Origine et histoire de la Porte de Strasbourg
La porte de Strasbourg, située à Bitche en Moselle, est l’un des rares vestiges des fortifications historiques de la ville. Initialement intégrée à une enceinte médiévale entourant deux bourgs (Kaltenhausen et Rohr), elle était appelée Oberpfort (porte supérieure) avant le XVIIe siècle. Ces bourgs, détruits en 1633 par les Suédois puis occupés par les Français en 1634, furent progressivement fortifiés sous Louis XIV par Vauban et le maréchal d’Humières. En 1662, quatre portes sont mentionnées : la Hinter Thor, la Vorder Thor, l’Ober Thor (Strasbourg) et l’Unter Thor (Sturzelbronn), surveillées par des gardiens rémunérés par la communauté.
Au XVIIIe siècle, les anciennes palissades sont remplacées par un mur d’enceinte achevé en 1795, coûtant 57 202 francs. En 1844, sous l’impulsion du général Schneider (ministre de la Guerre), de nouvelles fortifications sont érigées, déplaçant trois des quatre portes, sauf celle de Strasbourg, restée à son emplacement d’origine. Les portes de Sarreguemines, Phalsbourg et Landau, jugées obsolètes après 1870, sont détruites entre 1889 et 1900. Seule la porte de Strasbourg, inscrite en 1930, subsiste aujourd’hui, témoin des transformations militaires et urbaines de Bitche.

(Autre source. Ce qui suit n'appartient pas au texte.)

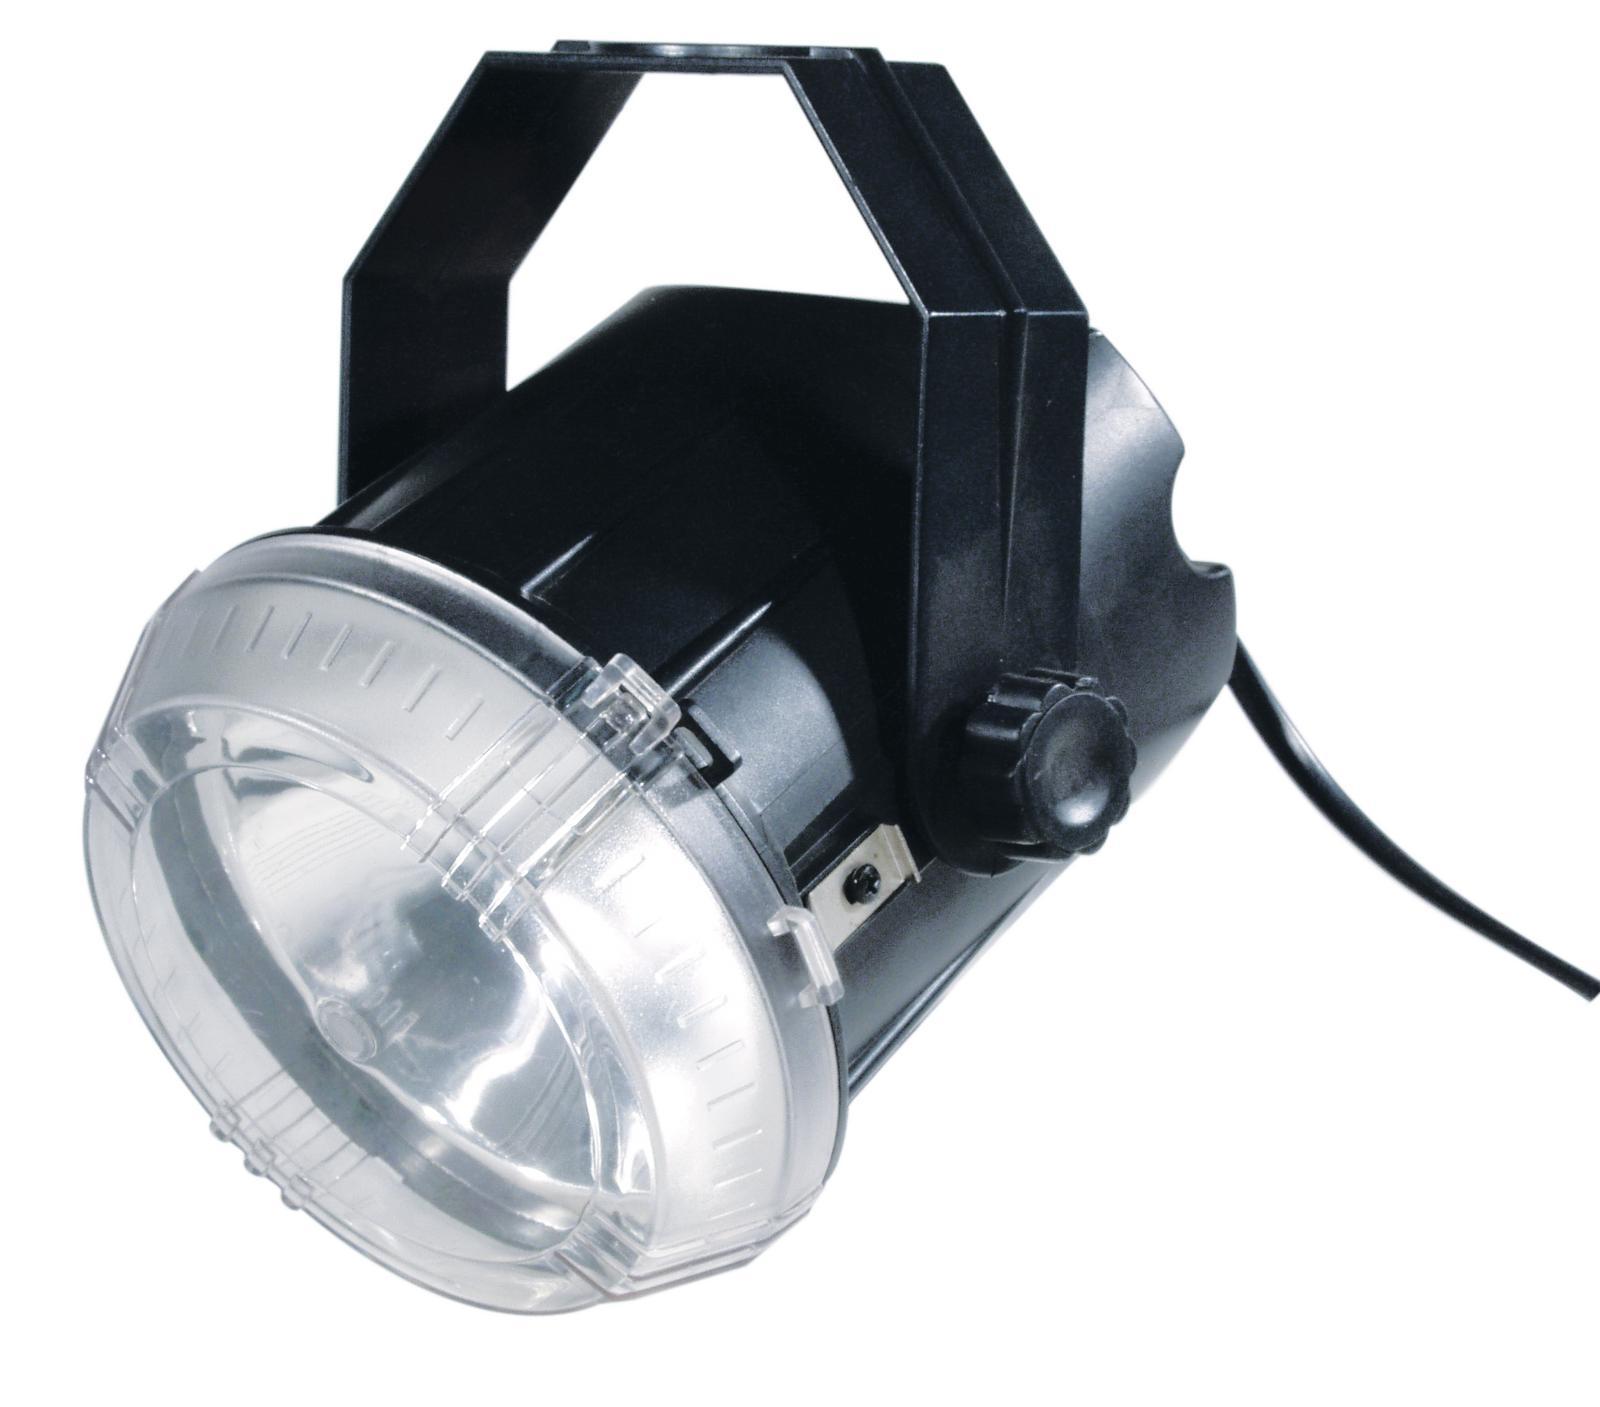 Lampada Strobo effetto luce alta qualita per feste eventi 45 W, EUROLITE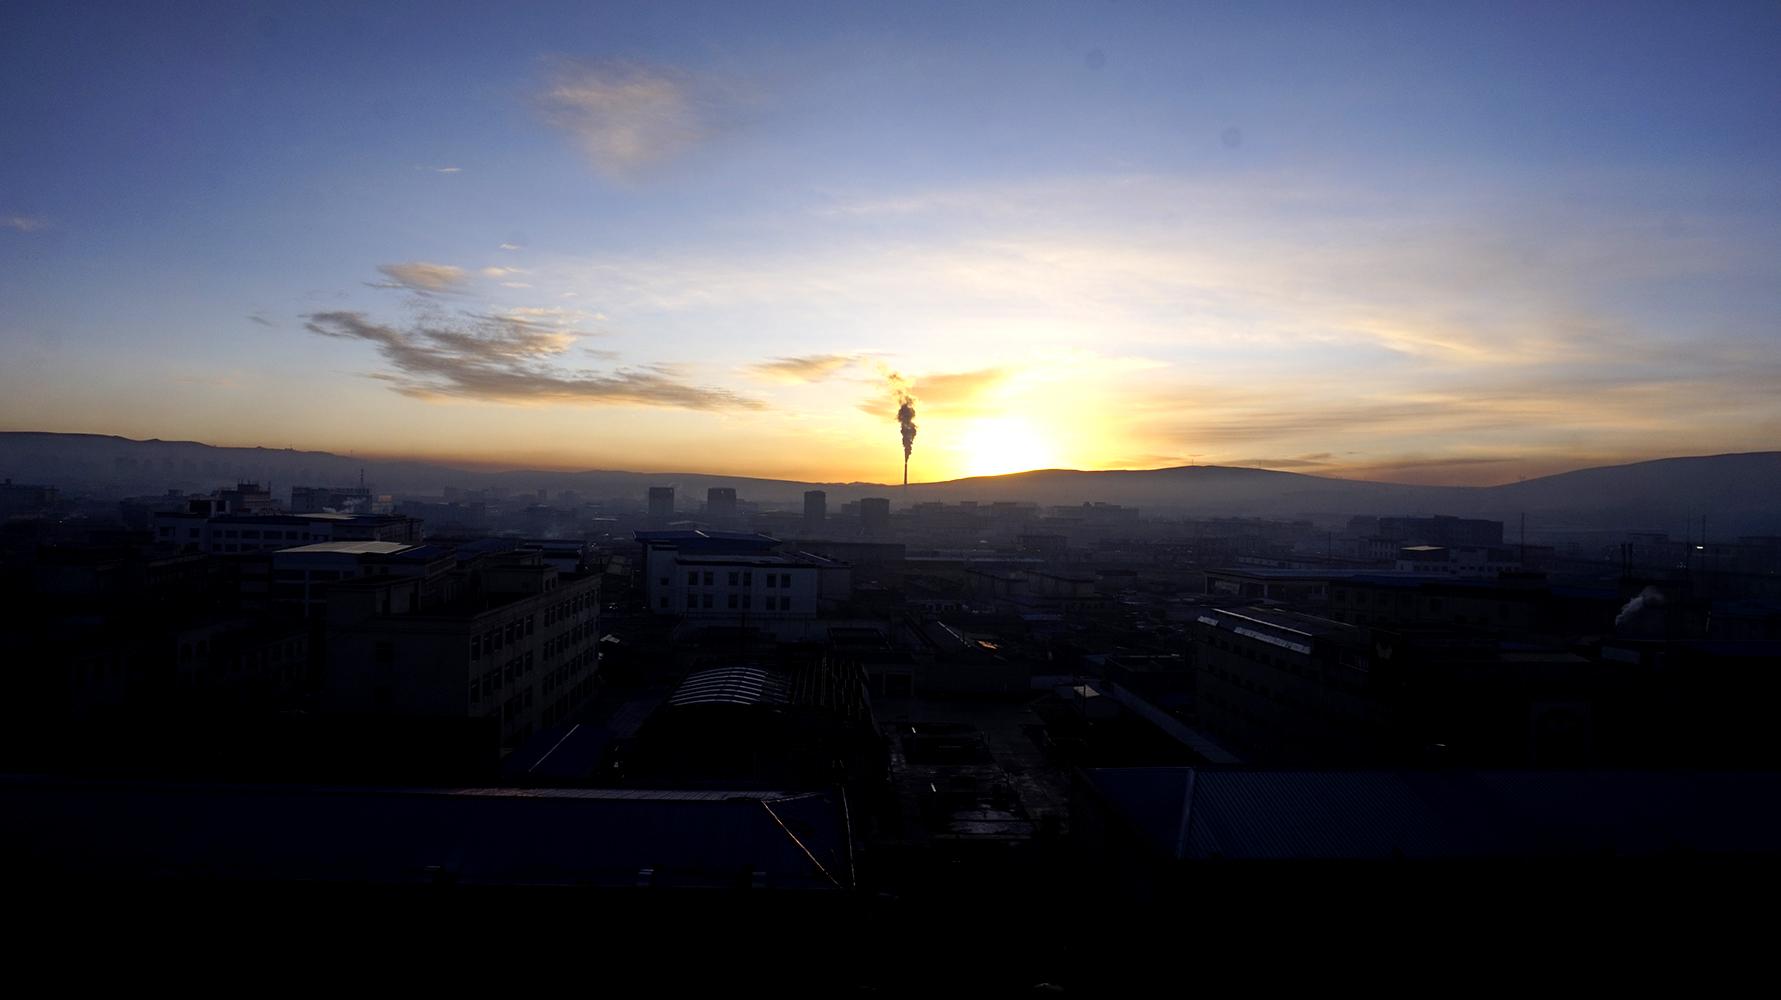 俯瞰目前全国最年轻、海拔最高的地级市那曲

Les portes médiévales étaient des points de contrôle essentiels, régulant les entrées et sorties des habitants, des marchandises (bois, foin) et du bétail. Les gardiens (Wachtmeister) percevaient des taxes en nature (grain, foin) et bénéficiaient de droits comme la garde gratuite de bétail. Ces portes symbolisaient aussi l’autorité municipale et militaire, reflétant les changements de souveraineté entre la France, le Saint-Empire et la Lorraine. Leur disparition progressive au XIXe siècle marque l’adaptation de la ville à la modernité et à la perte de leur utilité défensive.
La porte de Strasbourg, construite en pierre, diffère des anciennes barrières en bois de 1743, remplacées par des corps de garde en 1786. Ces bâtiments, conçus pour loger douze soldats, comprenaient un grenier et couvraient 192 m2. Leur gestion oscillait entre la ville et l’État : construits aux frais de la municipalité en 1786, ils furent cédés à l’État en 1811 avant d’être réintégrés au domaine militaire en 1814. Leur valeur était estimée à 4 800 francs en 1833.
La guerre de 1870 et l’évolution de l’artillerie (portée accrue, précision) rendirent les fortifications de Bitche obsolètes. Les portes, condamnées à partir de 1872, furent démolies pour faciliter la circulation, sauf celle de Strasbourg, contournée par le trafic moderne. Son inscription en 1930 souligne son importance patrimoniale, liée à l’histoire militaire lorraine et aux stratégies défensives de Vauban à Schneider.